* [About this task]:
Repeat the listing below line by line, exactly, leaving its pictures behind.

* [Dataset excerpt]:
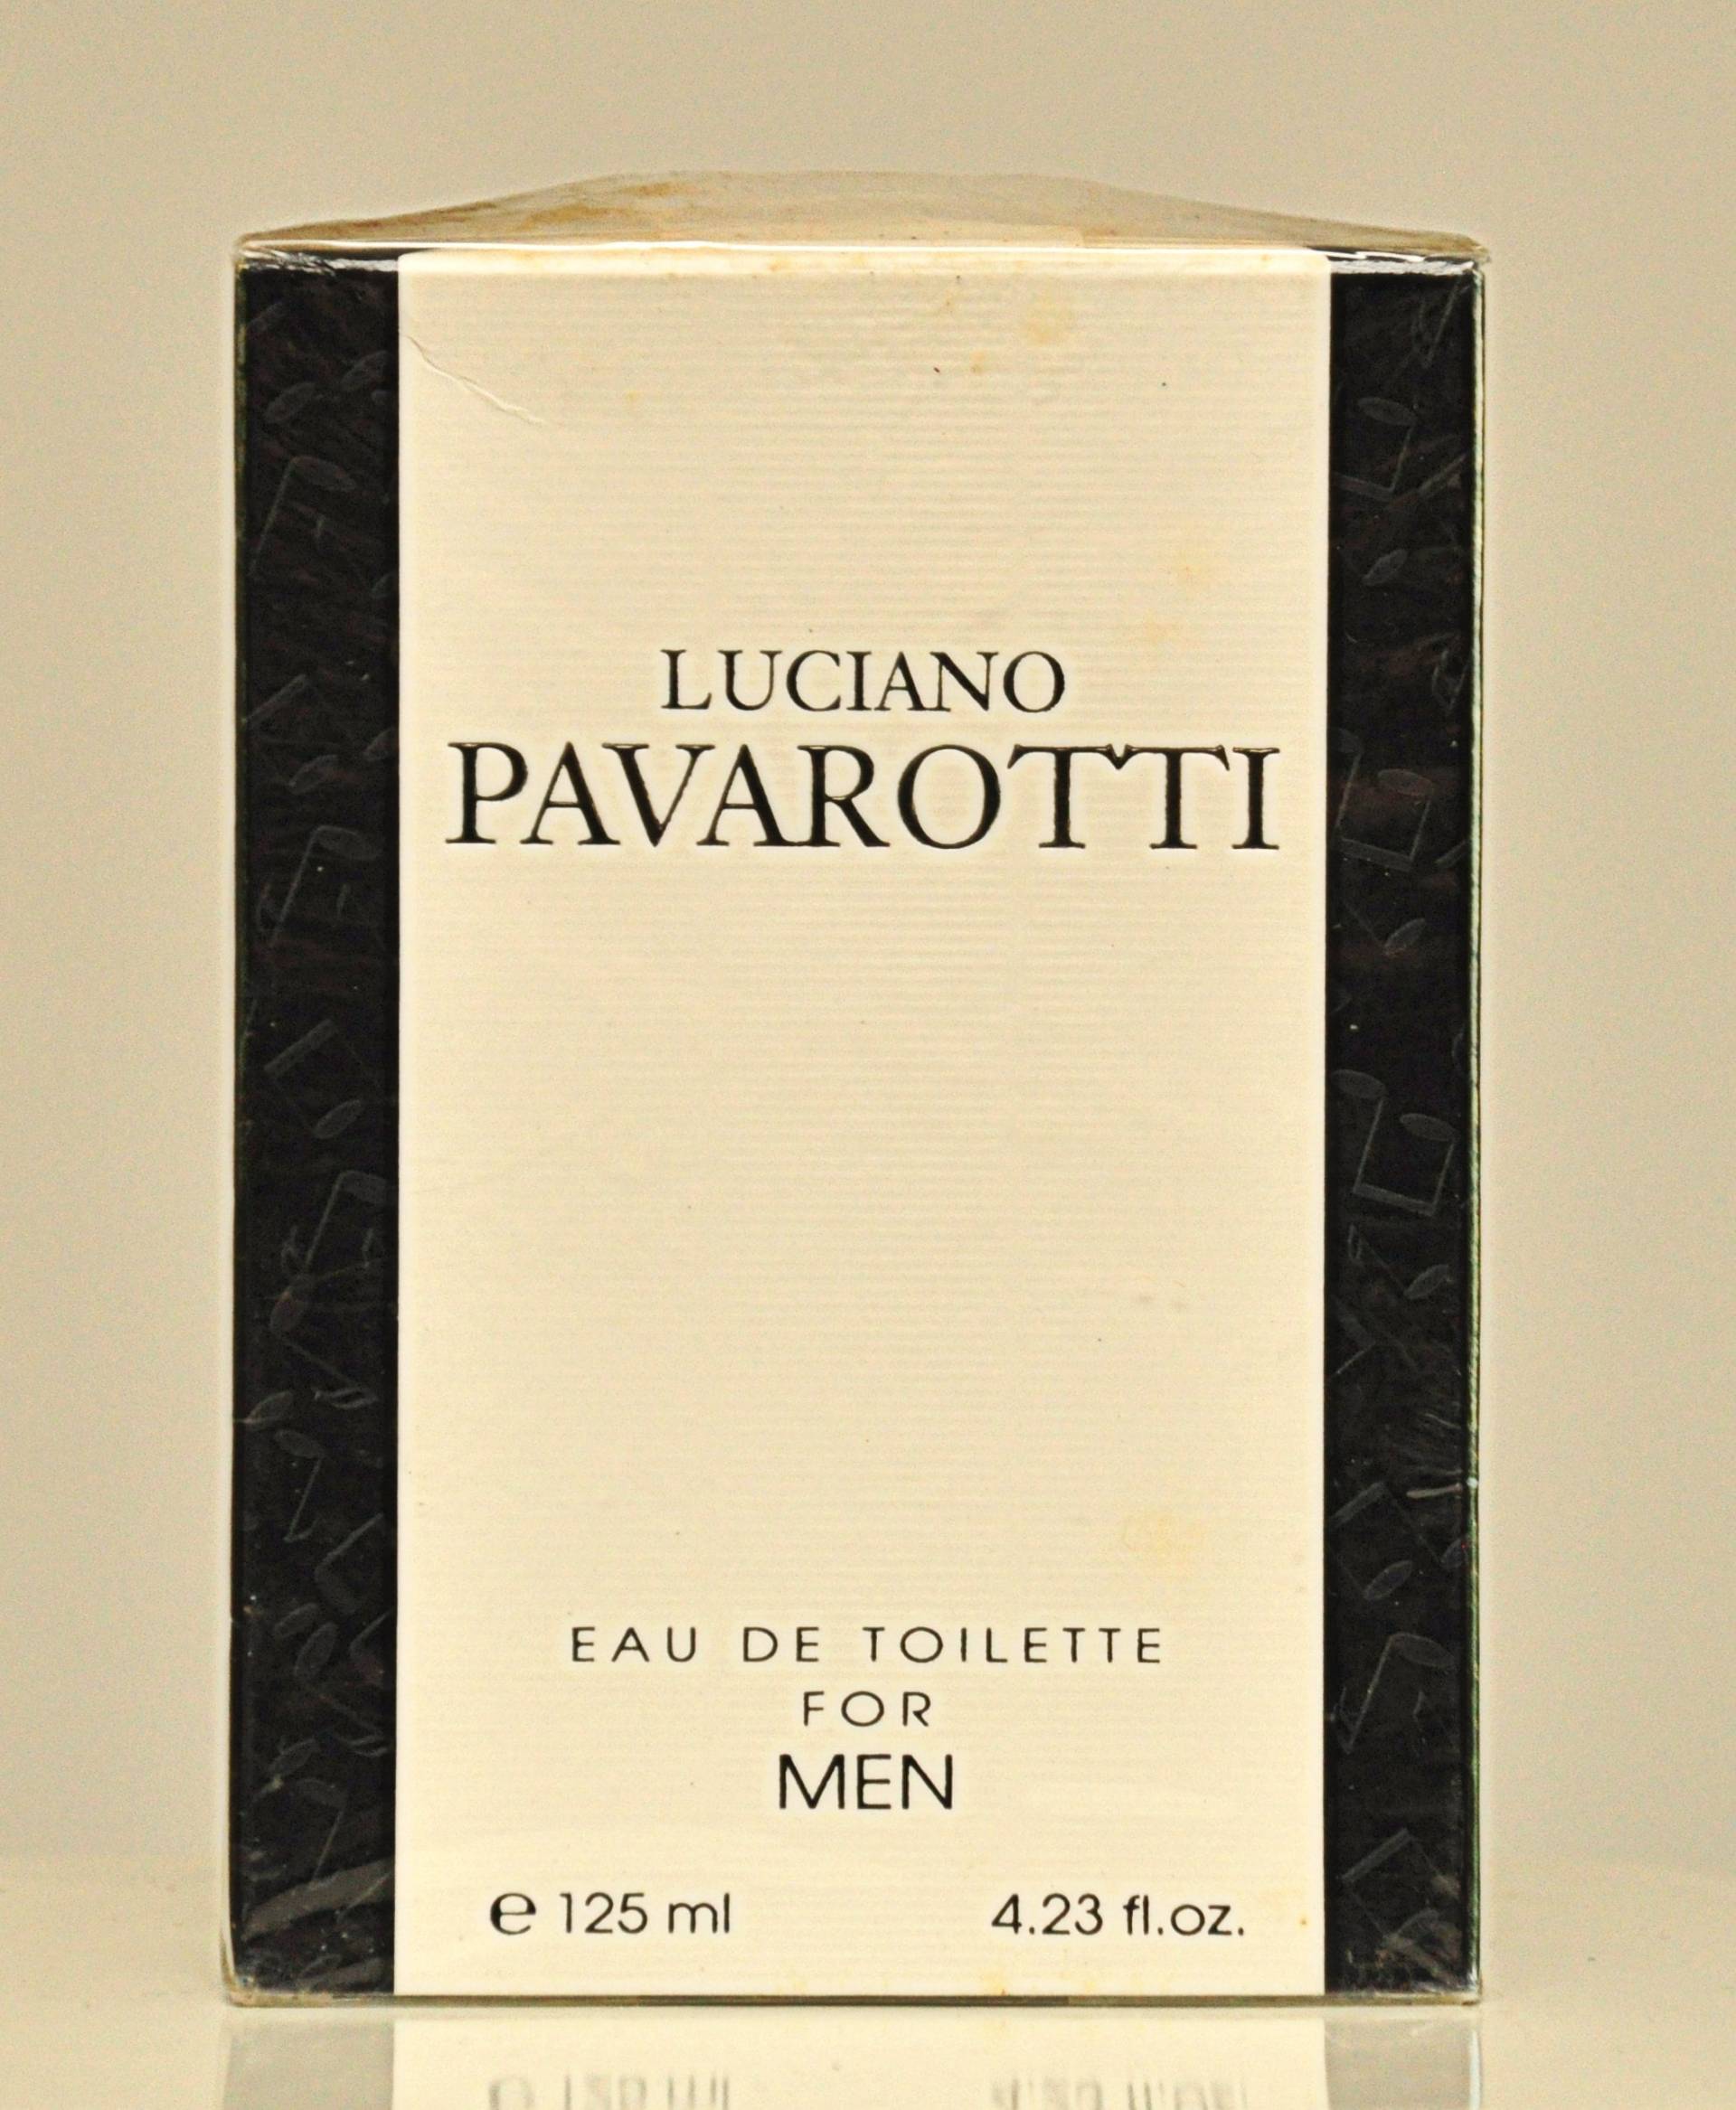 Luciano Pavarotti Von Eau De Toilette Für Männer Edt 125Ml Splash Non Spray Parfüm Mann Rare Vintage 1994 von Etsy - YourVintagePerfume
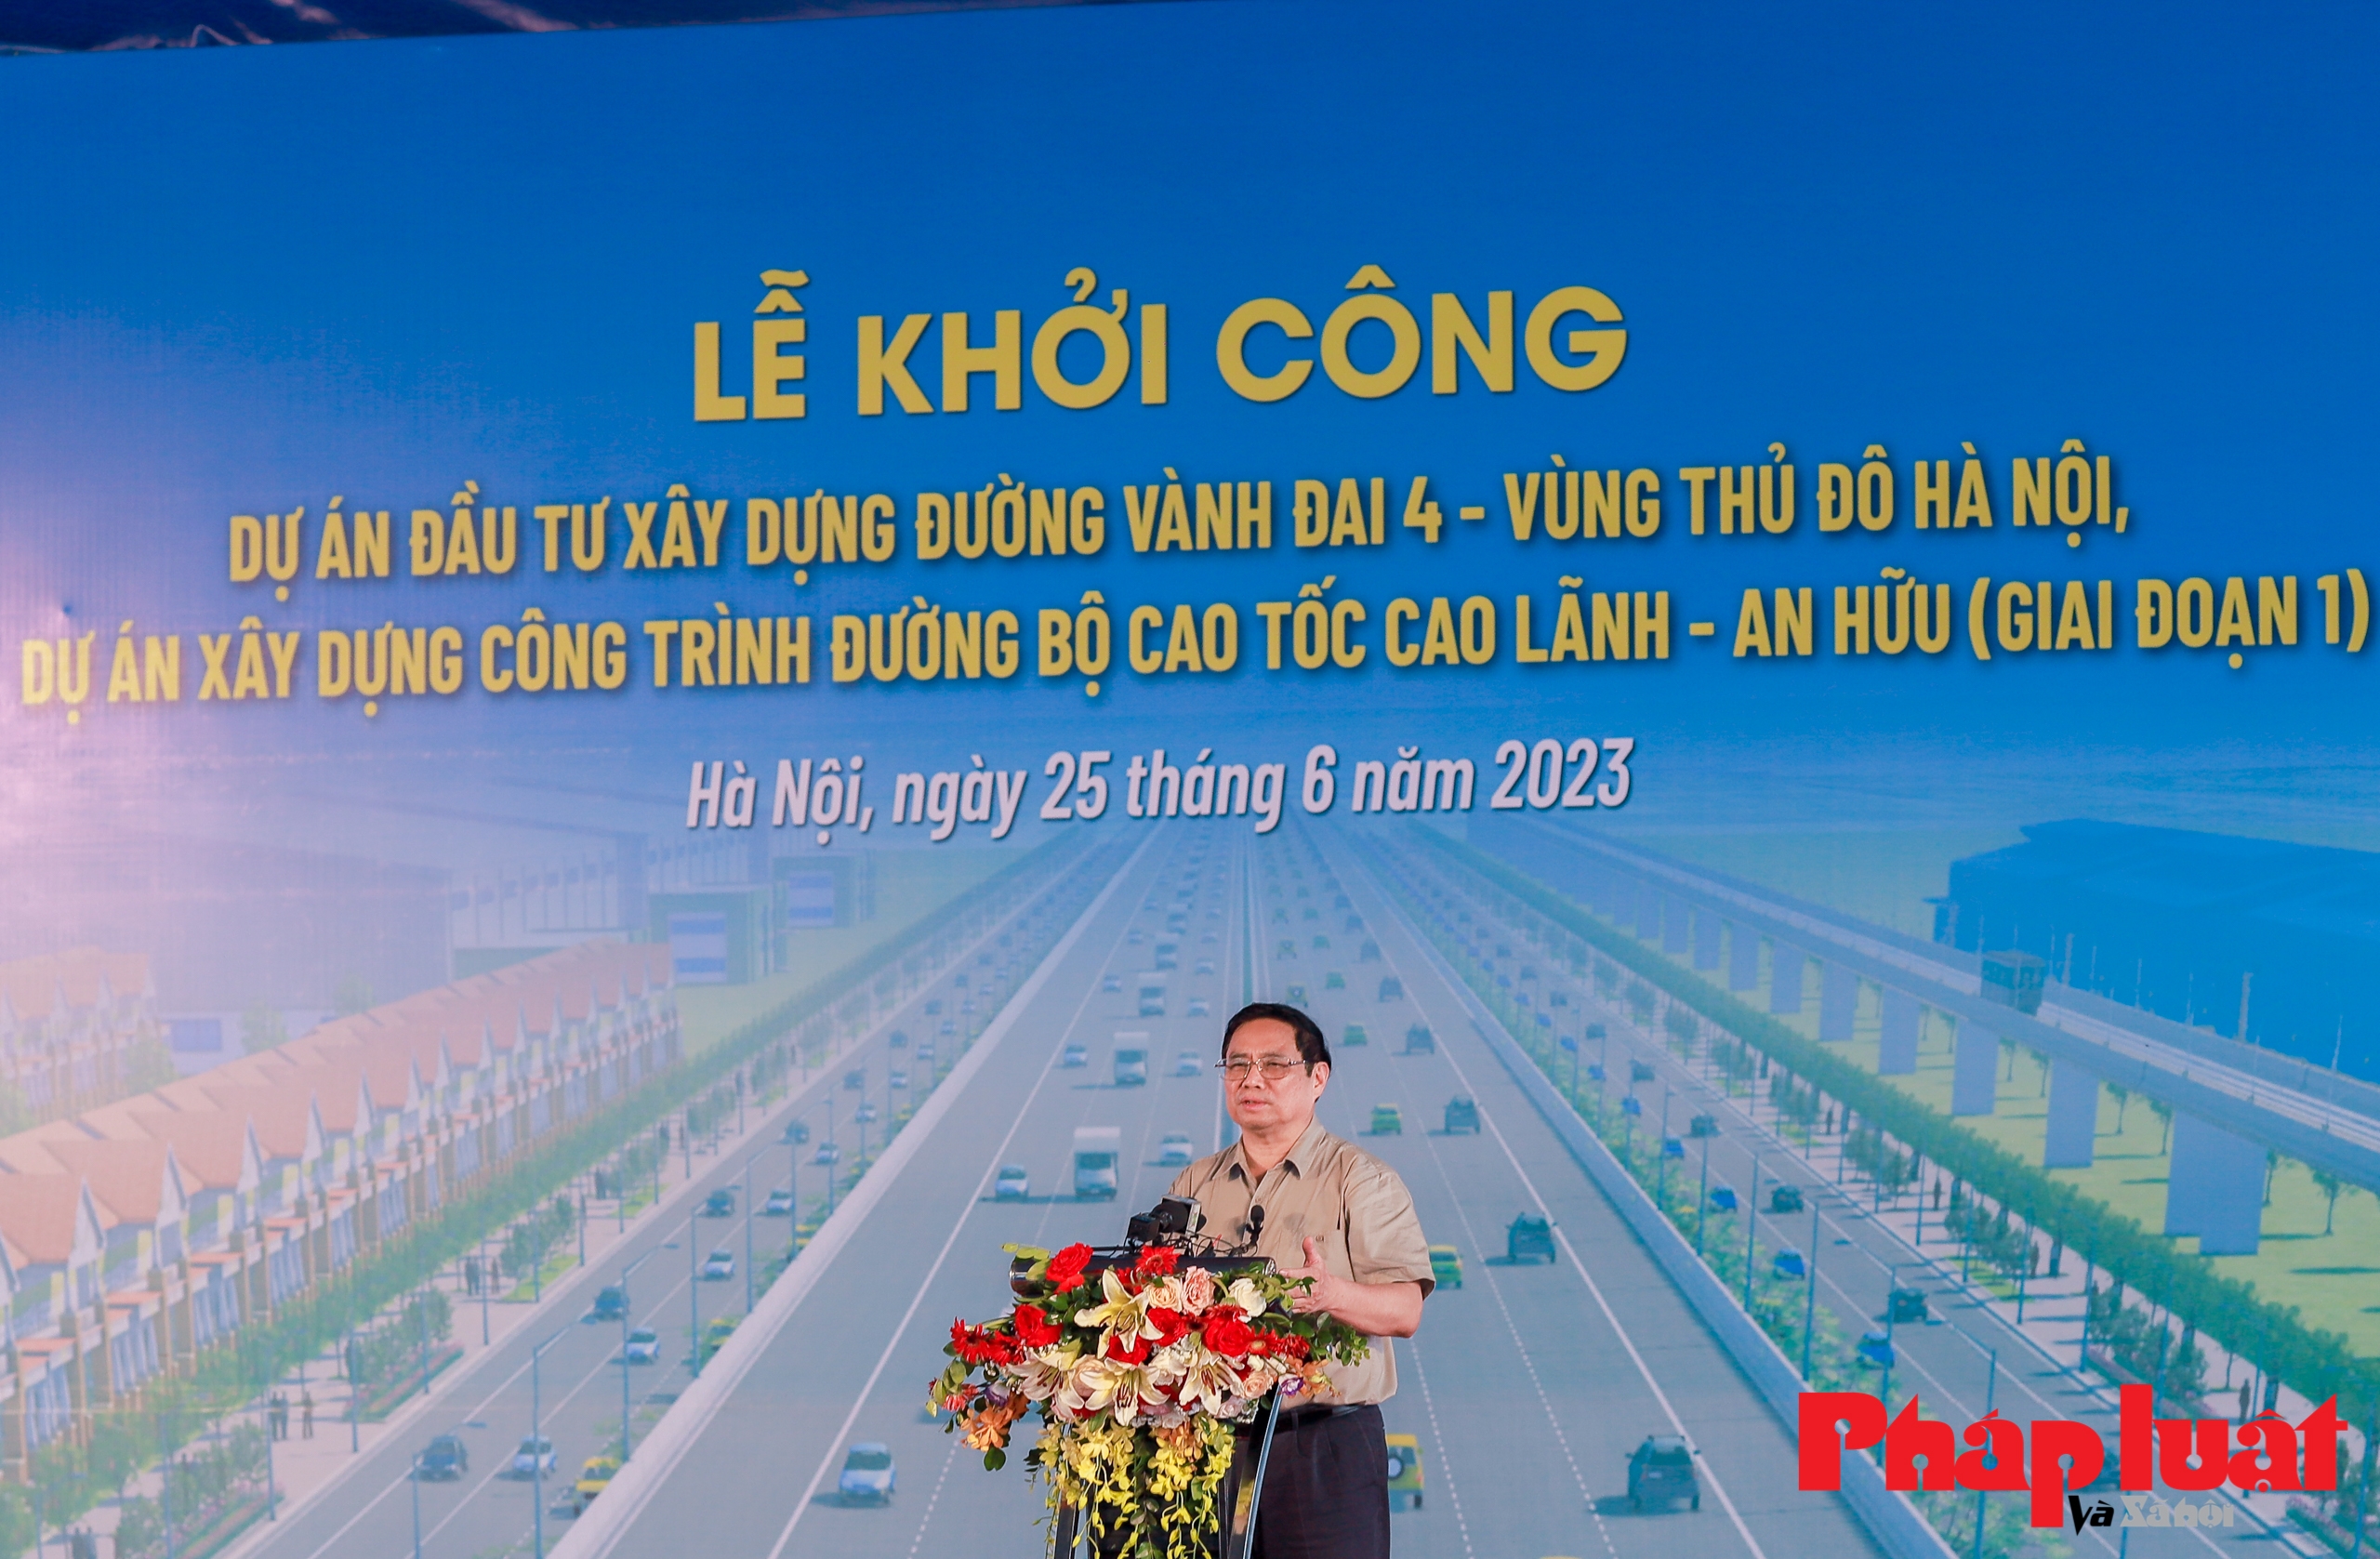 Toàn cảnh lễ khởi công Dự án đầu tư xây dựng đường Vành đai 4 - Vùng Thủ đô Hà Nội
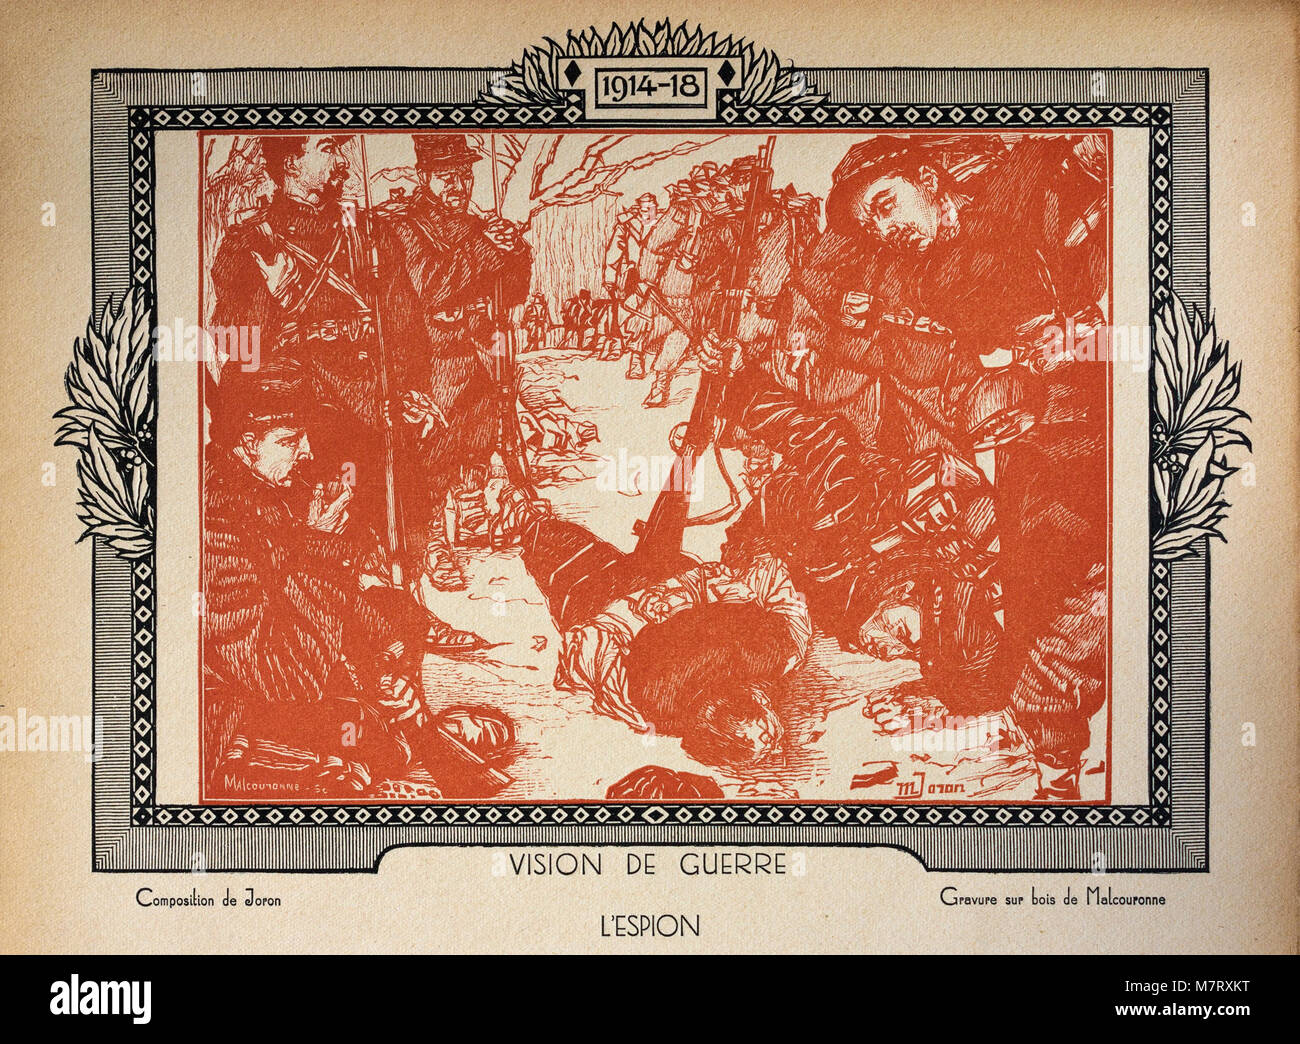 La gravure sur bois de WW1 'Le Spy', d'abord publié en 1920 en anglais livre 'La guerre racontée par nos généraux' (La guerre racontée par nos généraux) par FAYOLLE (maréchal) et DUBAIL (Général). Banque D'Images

* [Task solution]:
 Luciano Pavarotti Von Eau De Toilette Für Männer Edt 125Ml Splash Non Spray Parfüm Mann Rare Vintage 1994 von Etsy - YourVintagePerfume
 Toàn cảnh lễ khởi công Dự án đầu tư xây dựng đường Vành đai 4 - Vùng Thủ đô Hà Nội
 La gravure sur bois de WW1 'Le Spy', d'abord publié en 1920 en anglais livre 'La guerre racontée par nos généraux' (La guerre racontée par nos généraux) par FAYOLLE (maréchal) et DUBAIL (Général). Banque D'Images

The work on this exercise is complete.